The expected output is the line with "Autumn Harvest coloring page" plus all lines after it to the end of the material below, reproduced exactly, with pictures omitted and nothing else included.

>>>>>

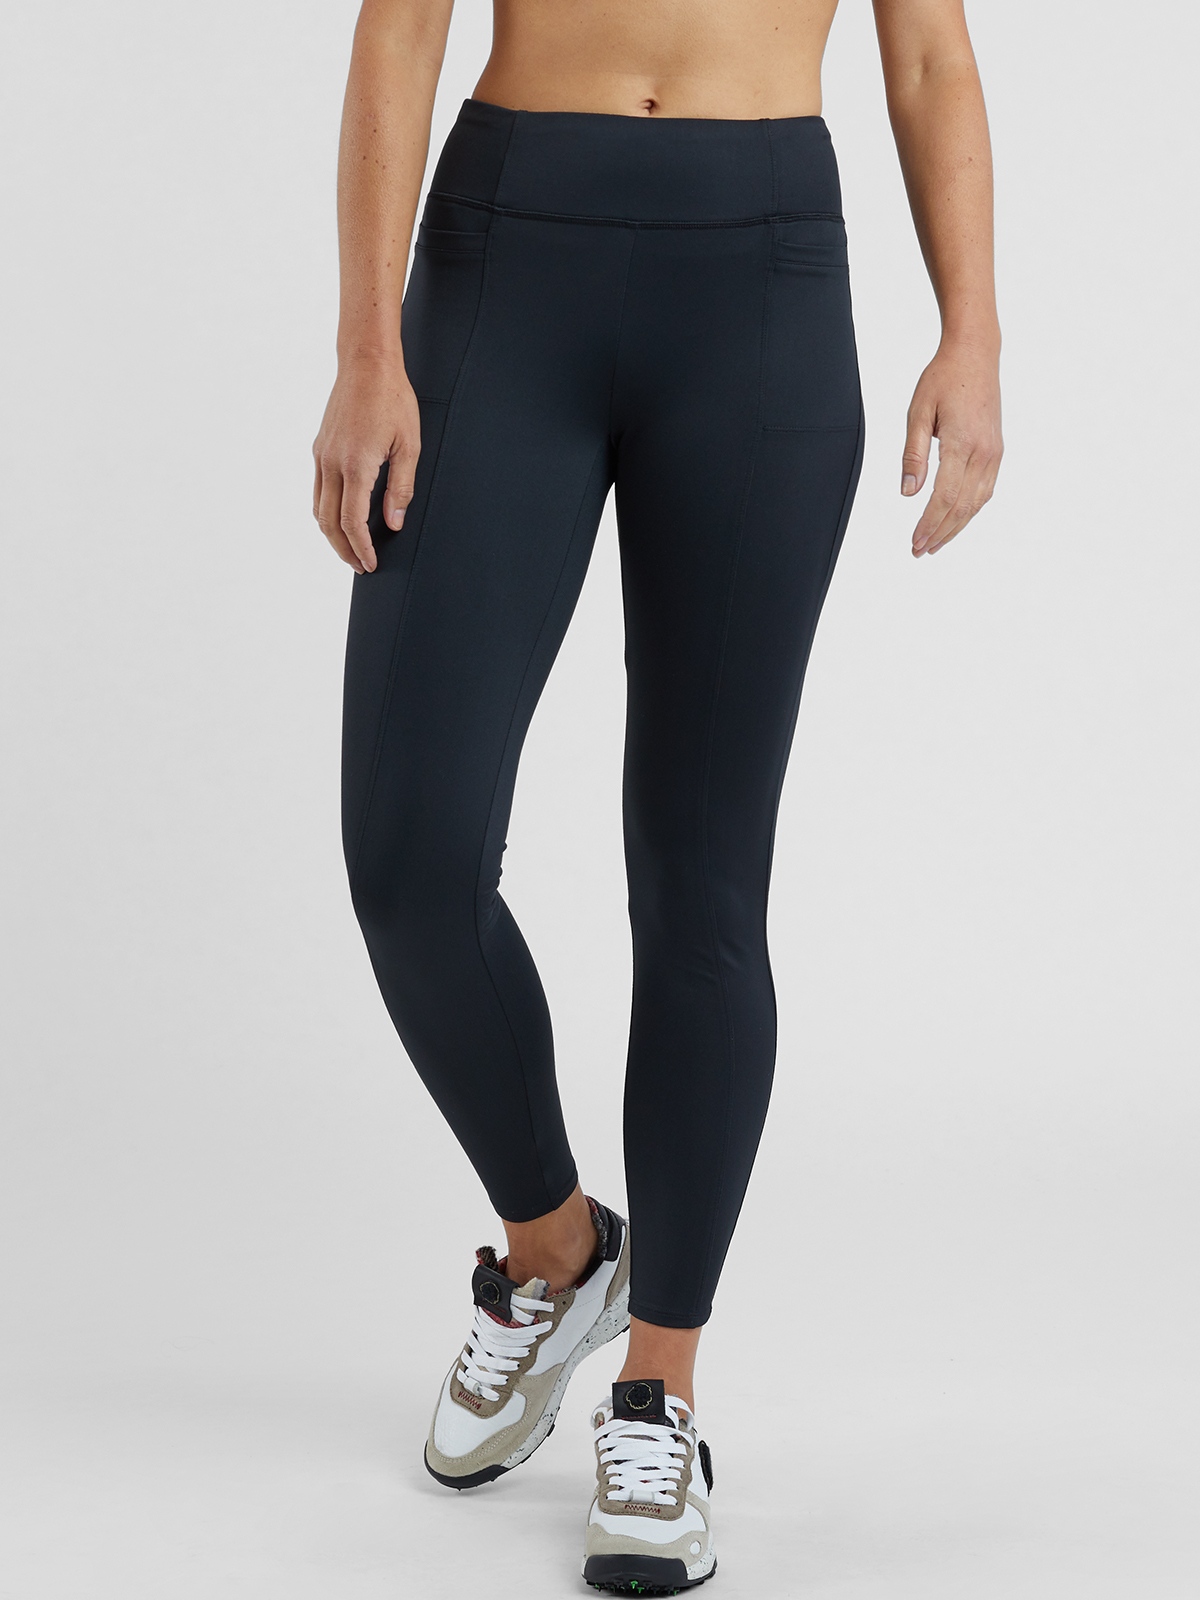 Toad&Co Womens Tights - Circadian Leggings
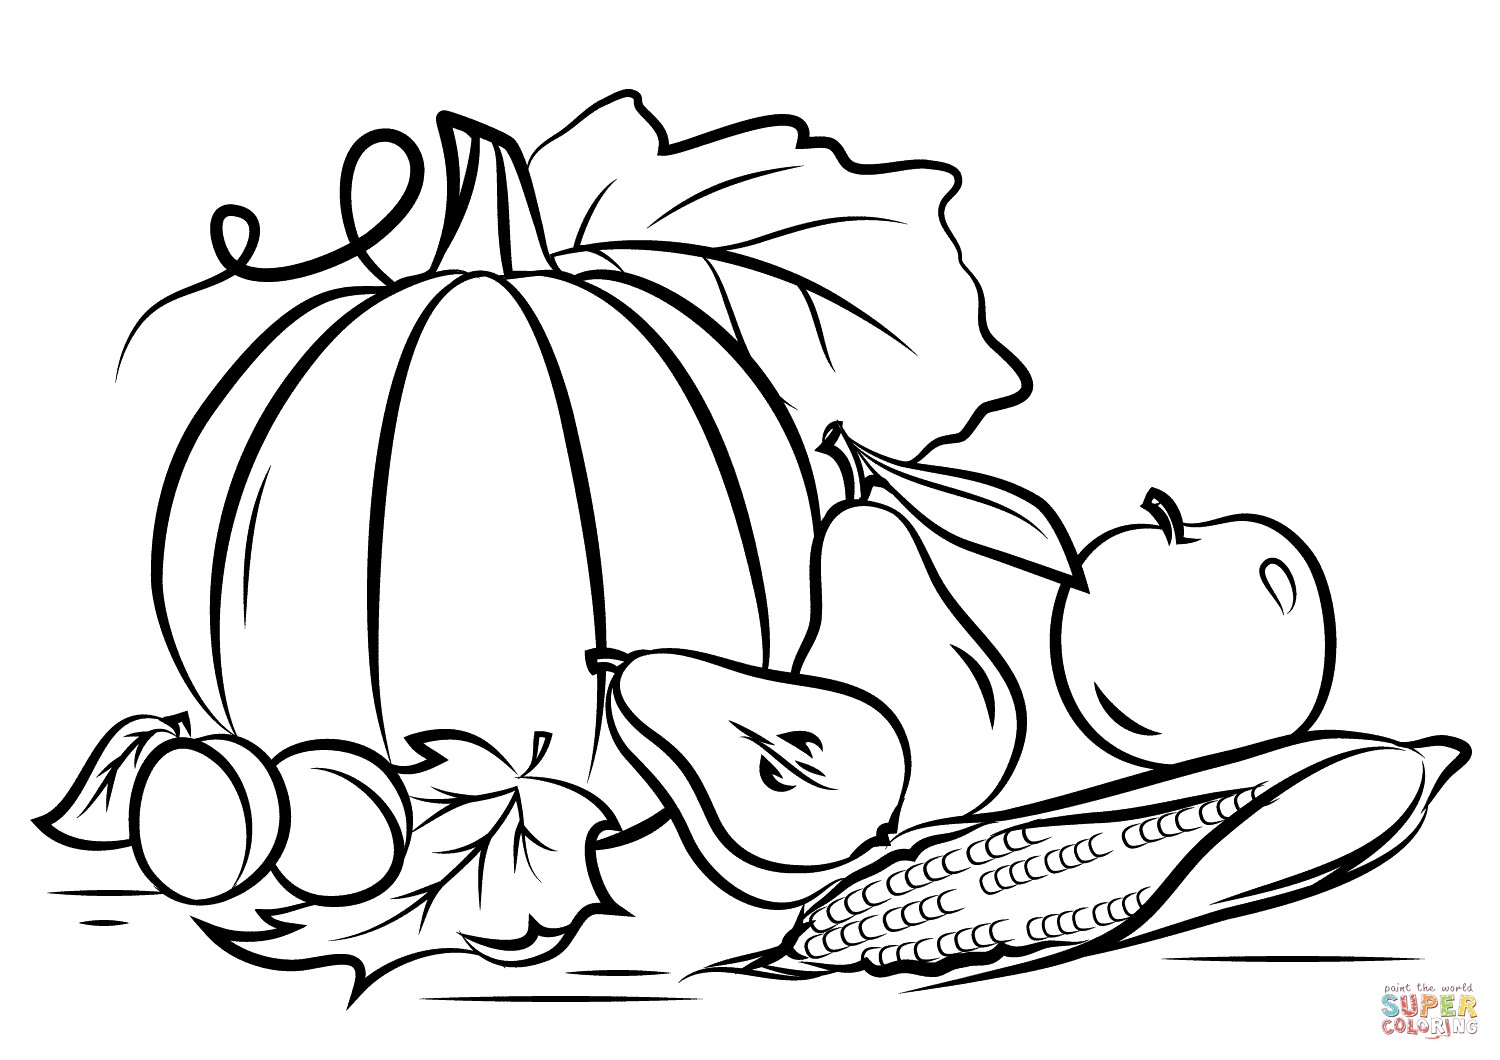 Printable Coloring Pages Fall
 Autumn Harvest coloring page
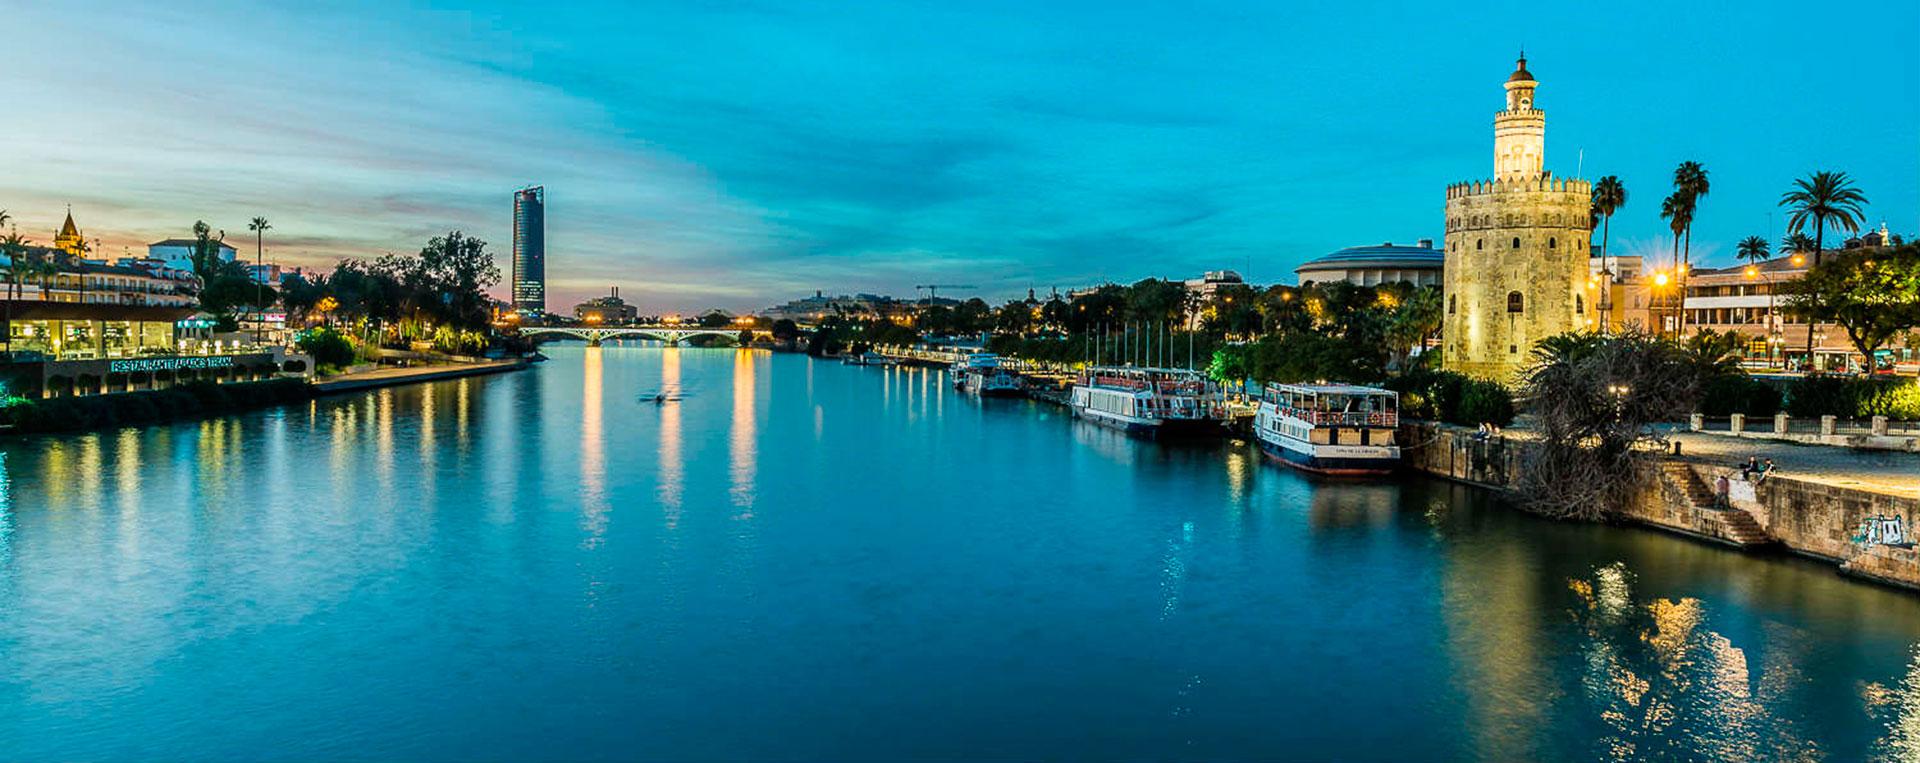 Cover image of this place Guadalquivir
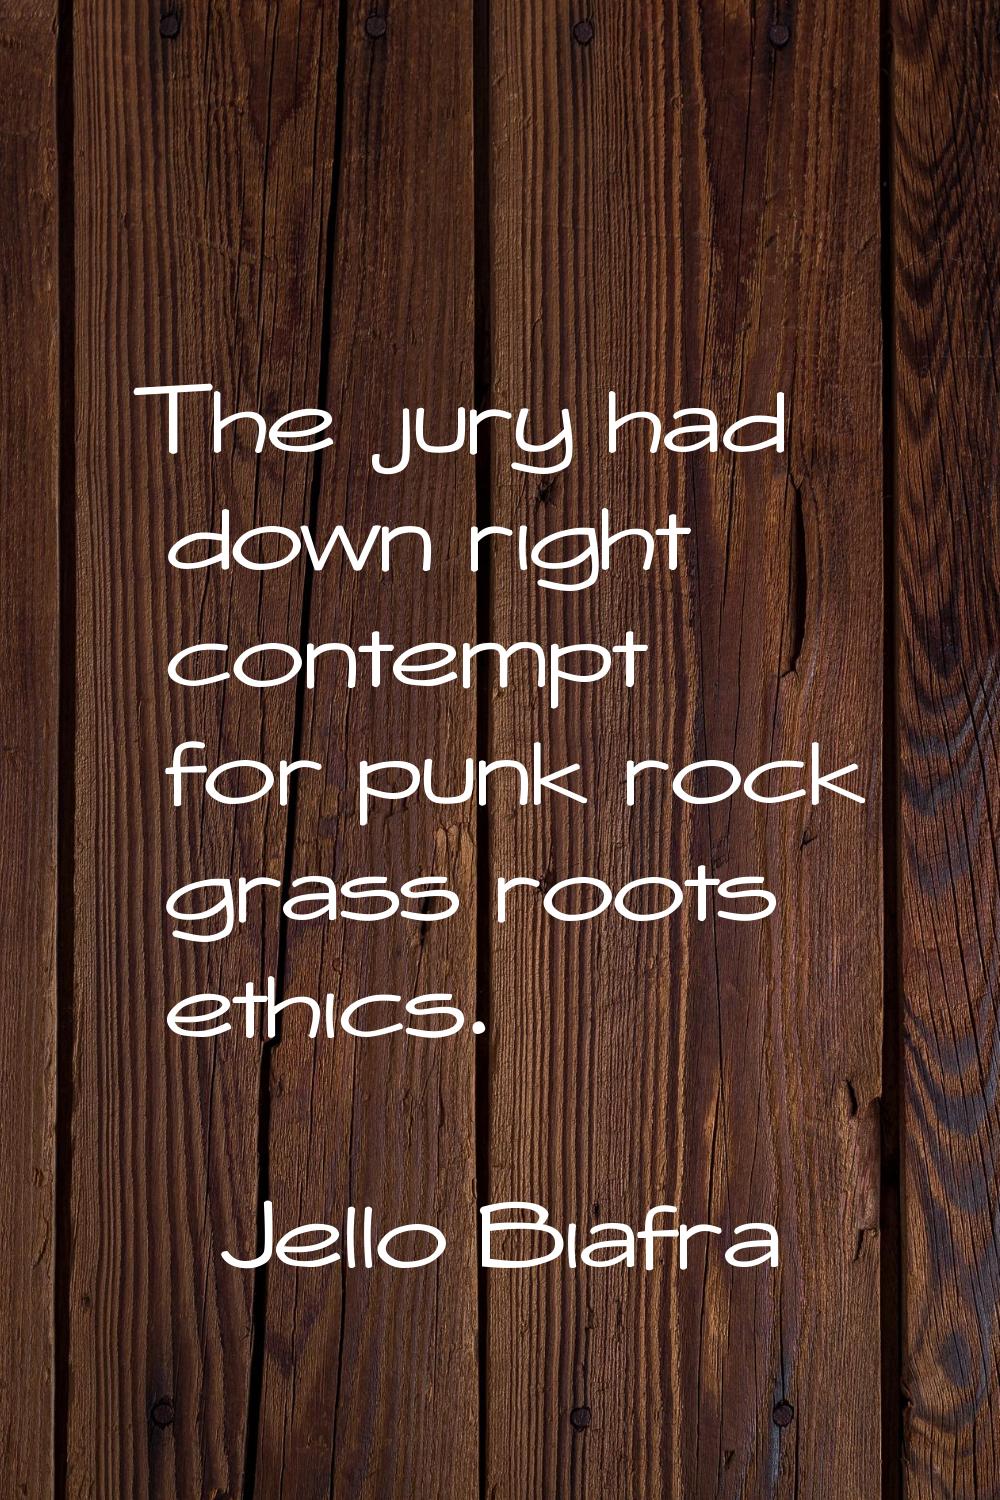 The jury had down right contempt for punk rock grass roots ethics.

<<<<<

SOLUTION FOR THIS TASK:
 Autumn Harvest coloring page
 Cover image of this place Guadalquivir
 The jury had down right contempt for punk rock grass roots ethics.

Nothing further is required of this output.